Wednesday, 8 July 2015

Superconductivity Record Bolstered By Magnetic Data


Superconductivity
Germany Scientist Identified Superconducting – 203 K

The quest for a material which could conduct electricity excluding the resistance of room temperature has motivated scientists in Germany and they have identified a common molecule hydrogen sulphide superconducting at a record breaking 203 kelvin when the same is exposed to very high pressure.

 The outcome approves initial observations which were released by the researchers late last year. It has alsobeen verified from data collected from various other groups though some of the physicist had asked to be cautious. According to Ivan Schuller from the University of California in San Diego, he states that `the results seems to be promising but are not yet watertight.

However, Antonio Bianconi, director of the Rome International Centre for Materials Science Superstripes – RICMASS, is of the opinion that the evidence is compelling. He has described the finding as – main breakthrough, in quest for a room temperature superconductor since the discovery of 1986 superconductivity in cuprates, exotic ceramic compounds which display the phenomenon up to 164 K. Mikhail Eremets together with two other physicists at the Max Planck Institute for Chemistry in Mainz reported last December, that they had found hydrogen sulfide superconducting below 190 K.

The Meissner Effect

When the same was placed a 10 micrometre-wide sample of the material in a diamond anvil cell, subjected to a pressure of around 1.5 million atmospheres, it was found that its electrical resistance reduced more than a factor of 1,000 when it cooled below the threshold or critical temperature. However, at that point of time, the researchers were unable to demonstrate a second key characteristic of superconductivity which is known as Meissner effect, wherein samples tend to excel a magnetic field when the same is cooled below the critical temperature.

The authors in their latest work had got together along with two physicists from the University of Mainz for the purpose of building a non-magnetic cell to acquire a very sensitive form of magnetometer known as SQUID. They had placed 50 micrometre wide samples of hydrogen sulphide under pressure of up to 2 million atmospheres in an external magnetic field, gradually warming them, beginning from a few degrees above zero. They investigated the sign of the Meissner effect, a sudden increase in the magnetization signal of the sample, when the temperature had increased beyond 203 K.

Researchers Cynical on Results

The researchers measured a higher critical temperature than they did last year, to observe tiny variation in the samples’ crystal structure. Bianconi has stated that several superconductivity researchers were cynical on the results when in March, at the conference of the American Physical Society in San Antonio, Texas, they were presented.

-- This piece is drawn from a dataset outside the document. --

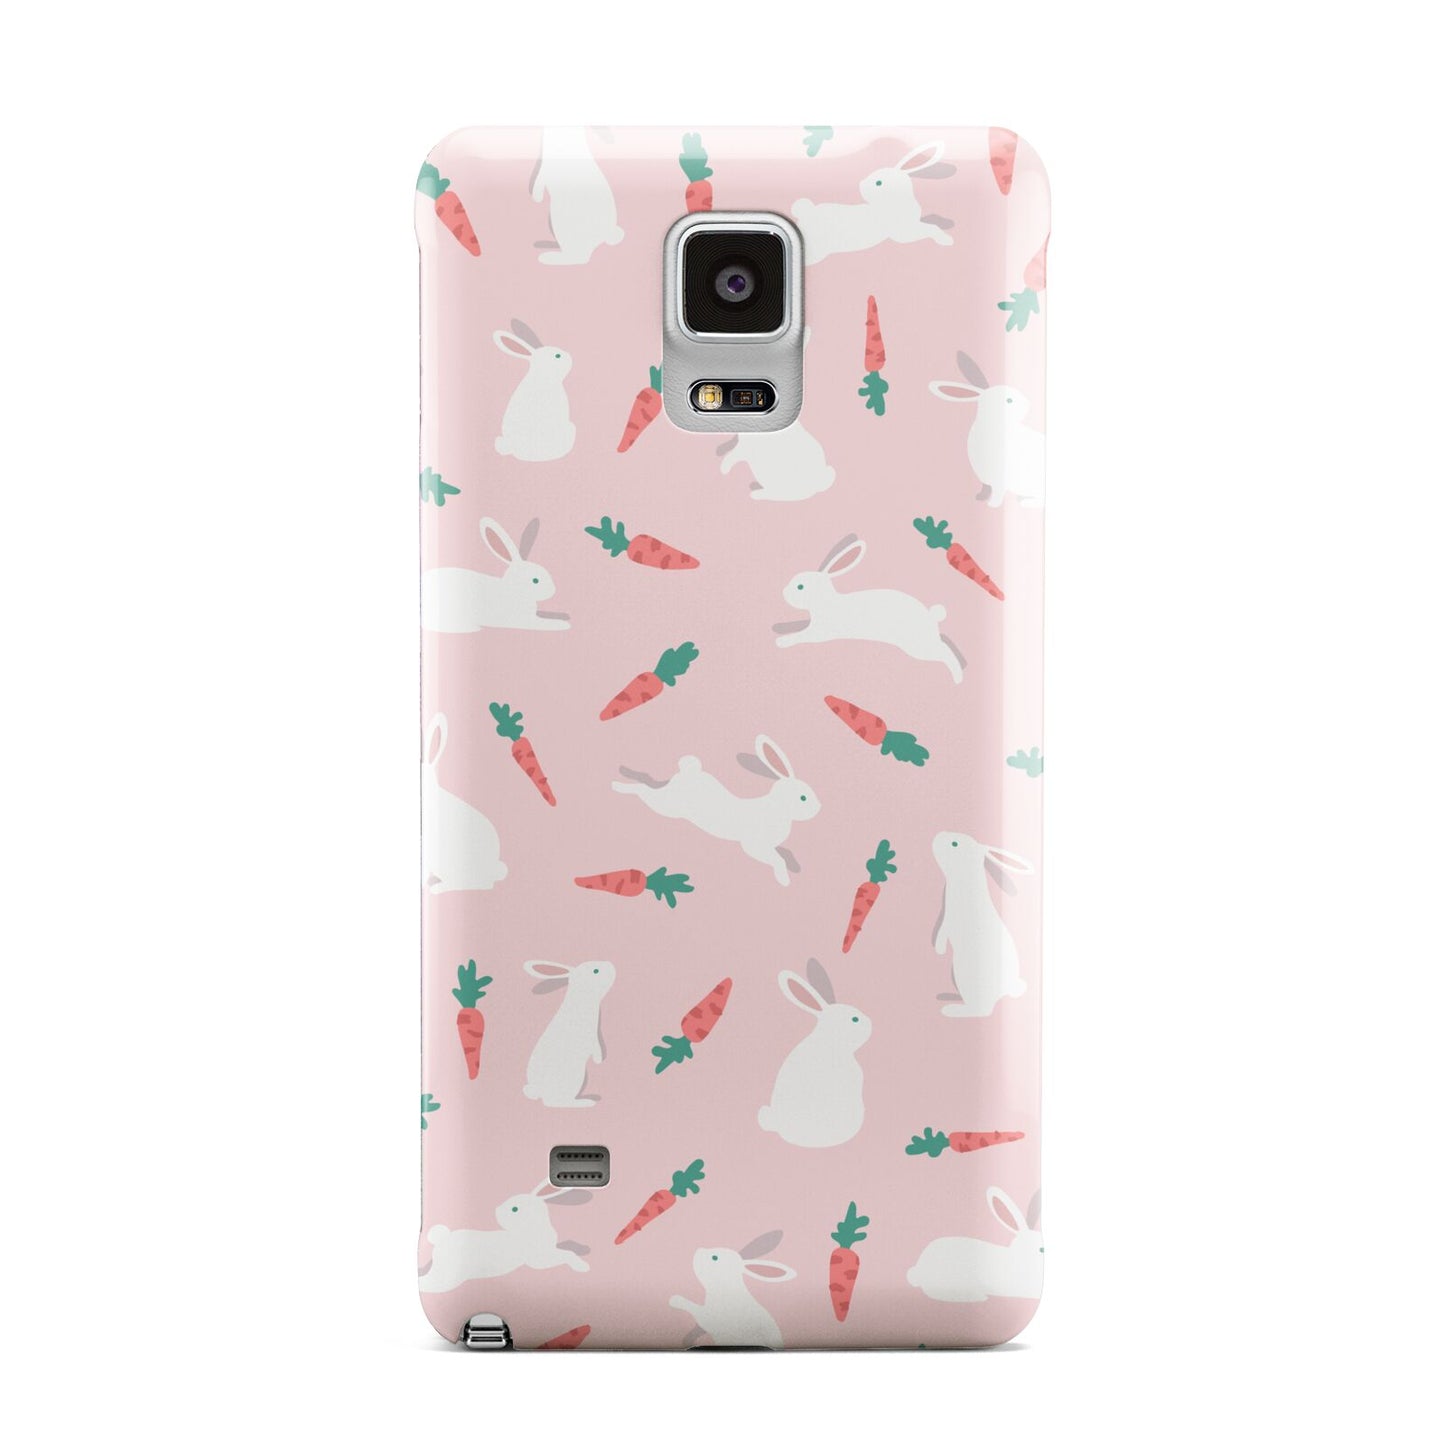 Easter Bunny And Carrot Samsung Galaxy Note 4 Case

A physicist at Osaka University in Japan, Katsuya Shimizu stated that he together with his colleagues had confirmed the 190 K electrical transition, utilising their own refrigerator in holding many samples and cells that were provided by Eremets. Sculler debates that the Mainz group could do some more investigations to ensure that they have not overlooked an uncontrolled artefact like the background noise selected during the subtle measurement of magnetization.